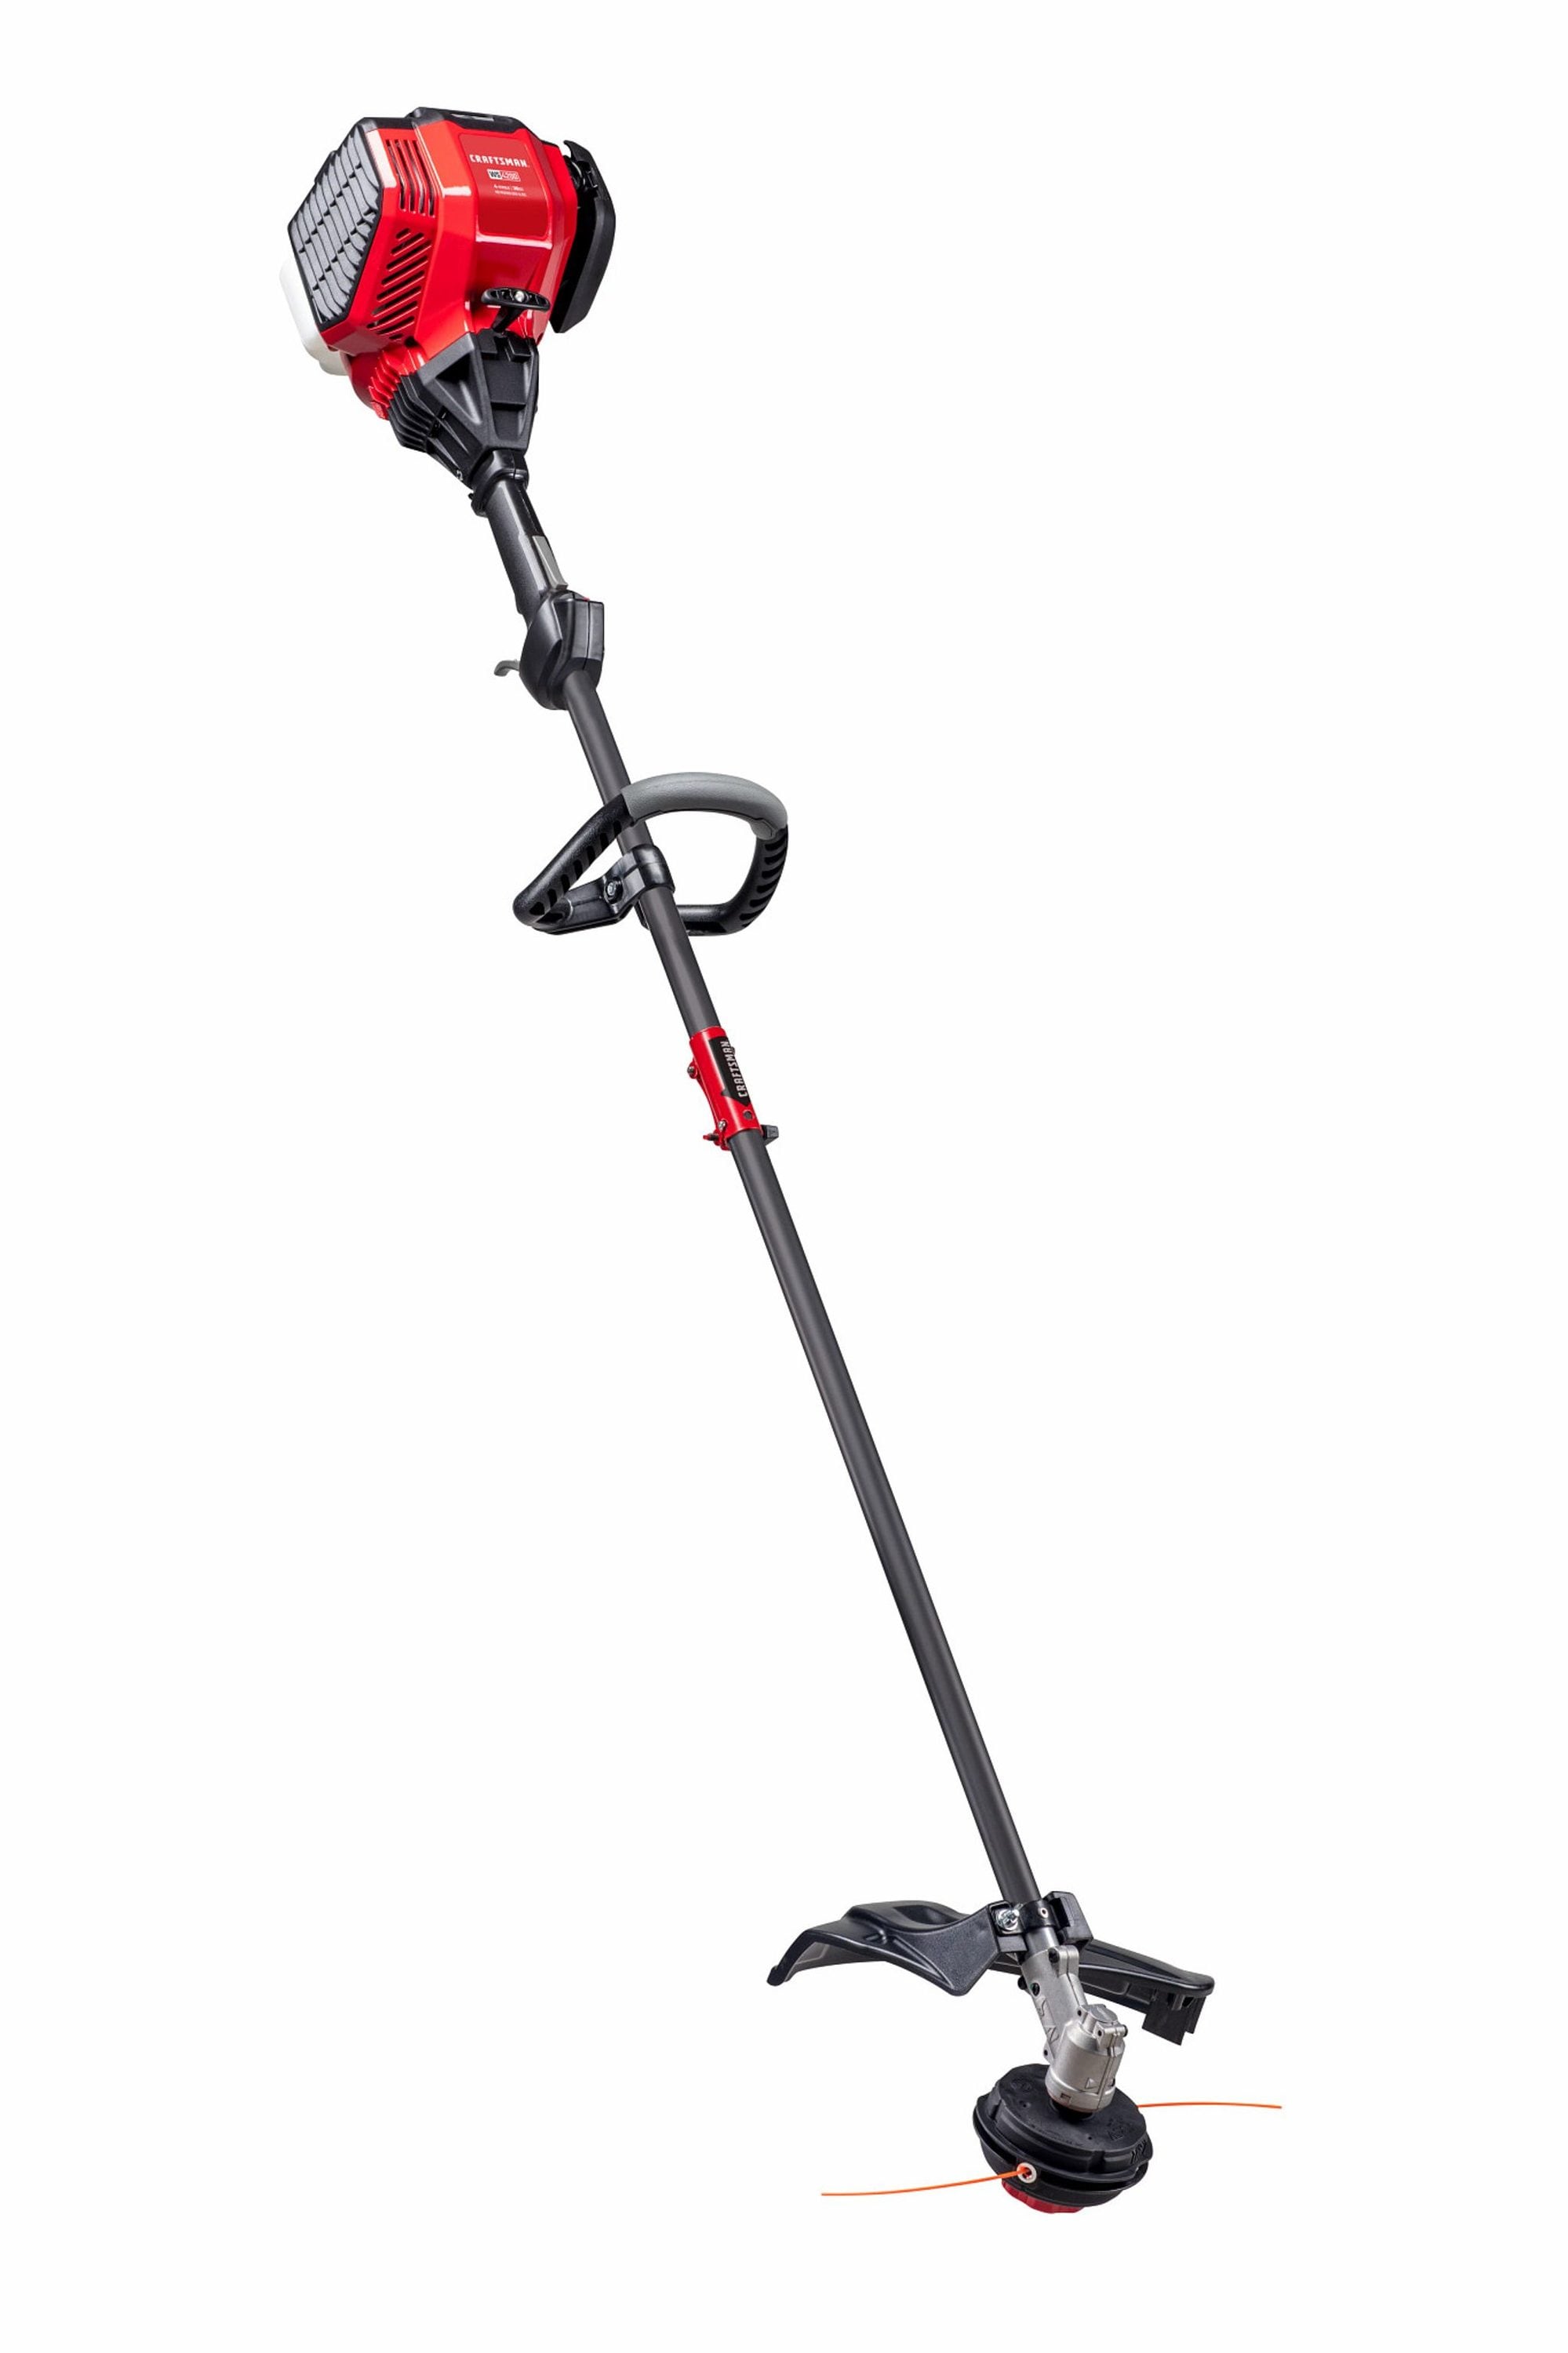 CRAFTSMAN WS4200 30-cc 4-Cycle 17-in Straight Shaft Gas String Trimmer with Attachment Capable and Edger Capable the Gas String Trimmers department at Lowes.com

...

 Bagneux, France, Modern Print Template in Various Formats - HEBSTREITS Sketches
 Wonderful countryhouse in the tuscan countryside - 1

...

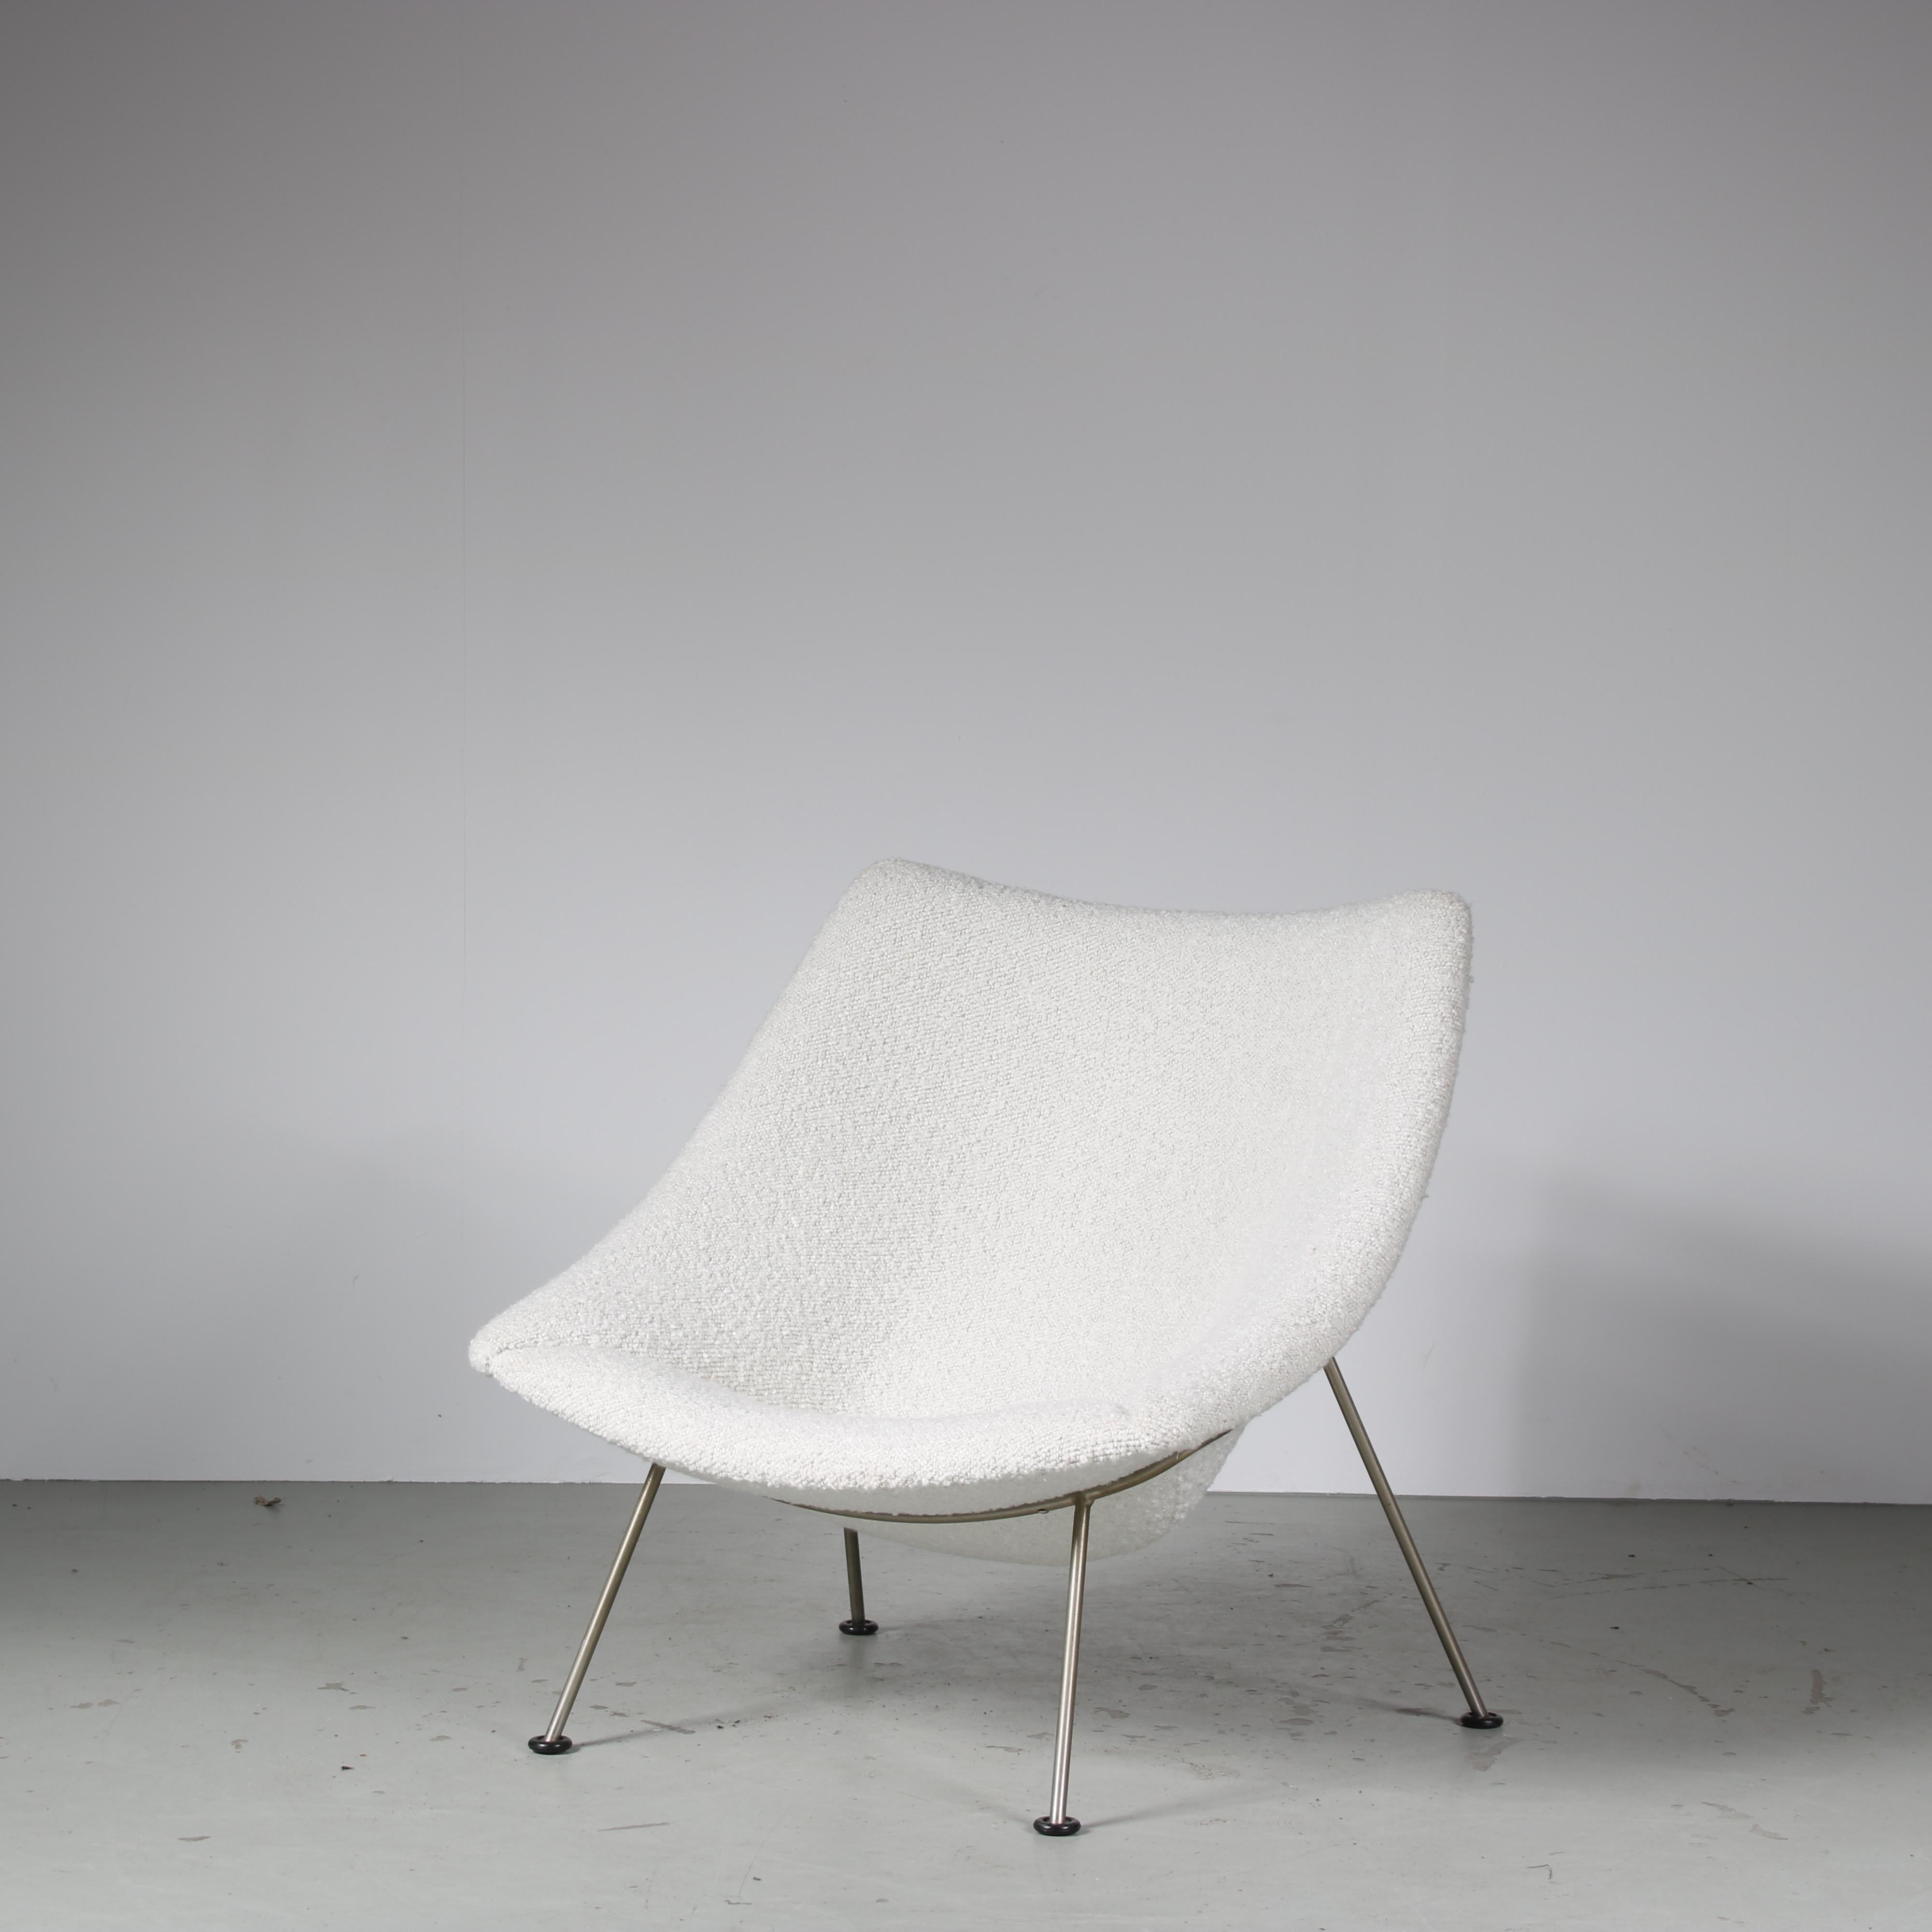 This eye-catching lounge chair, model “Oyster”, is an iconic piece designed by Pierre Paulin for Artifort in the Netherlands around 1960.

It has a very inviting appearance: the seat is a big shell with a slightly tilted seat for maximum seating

§ Task brief: Scan the records above for the lines holding "Bagneux, France, Modern" and "Wonderful countryhouse in". Transcribe those two and every line between them word for word, and no others.

§ Completed exercise:
 Bagneux, France, Modern Print Template in Various Formats - HEBSTREITS Sketches
 Wonderful countryhouse in the tuscan countryside - 1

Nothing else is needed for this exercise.